Foley came up with a wide variety of gizmos and games, including a hand-launched toy helicopter, soft-tipped darts, plastic toy handcuffs and "un-du," a liquid adhesive remover.
"I was born with a gift," Foley told the New York Times in 1998. "Ideas pop into my head."
Twister, marketed as "The Game That Ties You Up in Knots," was born as a collaboration between Foley and cartoonist Neil Rabens when they worked at a St. Paul, Minn., design firm in the mid 1960s.
Born Sept. 6, 1930, in Lafayette, Ind., Charles Frederick Foley displayed his inventiveness early. When he was 8, he came up with a latch that would automatically close a gate to keep livestock penned on the family farm.
After high school, he worked on a Ford assembly line and saw many possibilities for innovation.
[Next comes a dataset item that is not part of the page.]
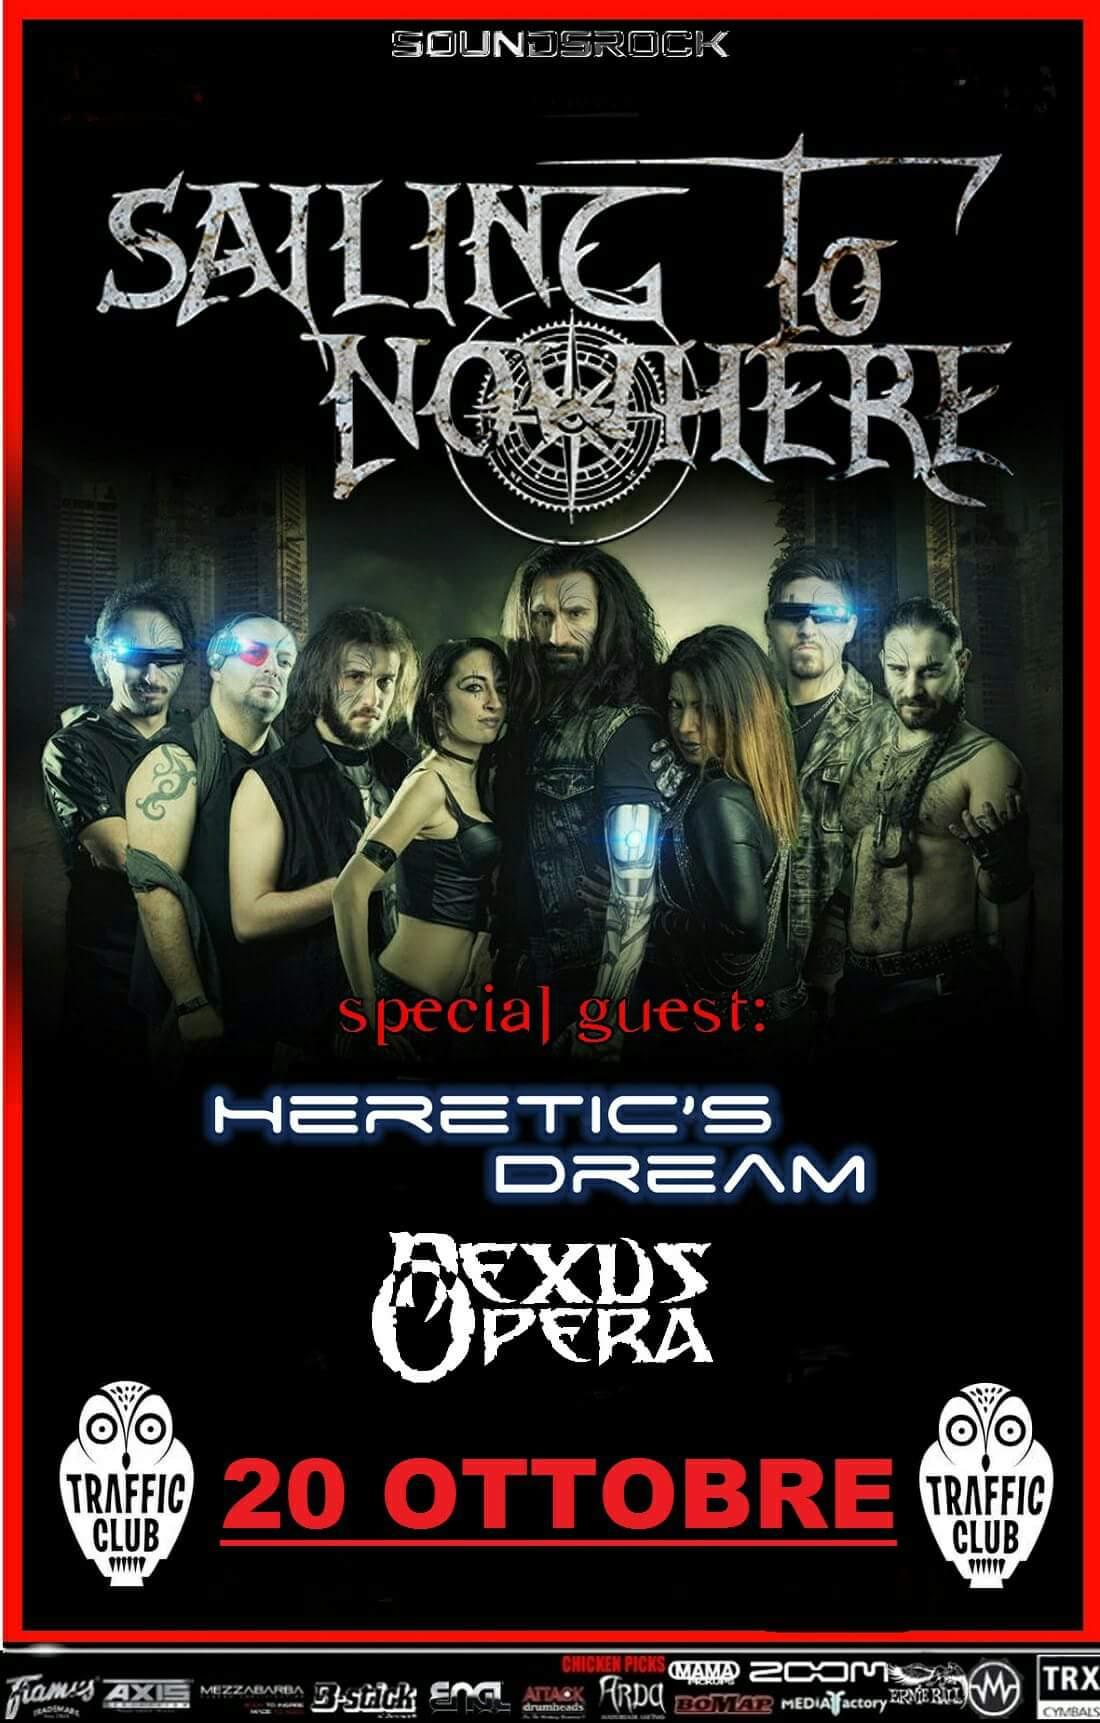 Sailing To Nowhere - Heretic's Dream - Nexus Opera - Traffic Live - Tour 2017 - Promo

When he equipped his 1952 Plymouth Belvedere with homemade, tricolor taillights — green for speeding up, orange for slowing down and red for stopping — the police officer who cited him also congratulated him.
After serving in the Michigan Air National Guard from 1950 to 1953, he was a salesman for a furnace-cleaning service and worked for companies developing products such as an automatic cocktail shaker.
"He was extremely creative and had an open mind to any opportunity that could make a difference in people's lives," son Mark Foley said.
In his later years, Foley lived in North Carolina, where he regularly spoke to school classes about inventions.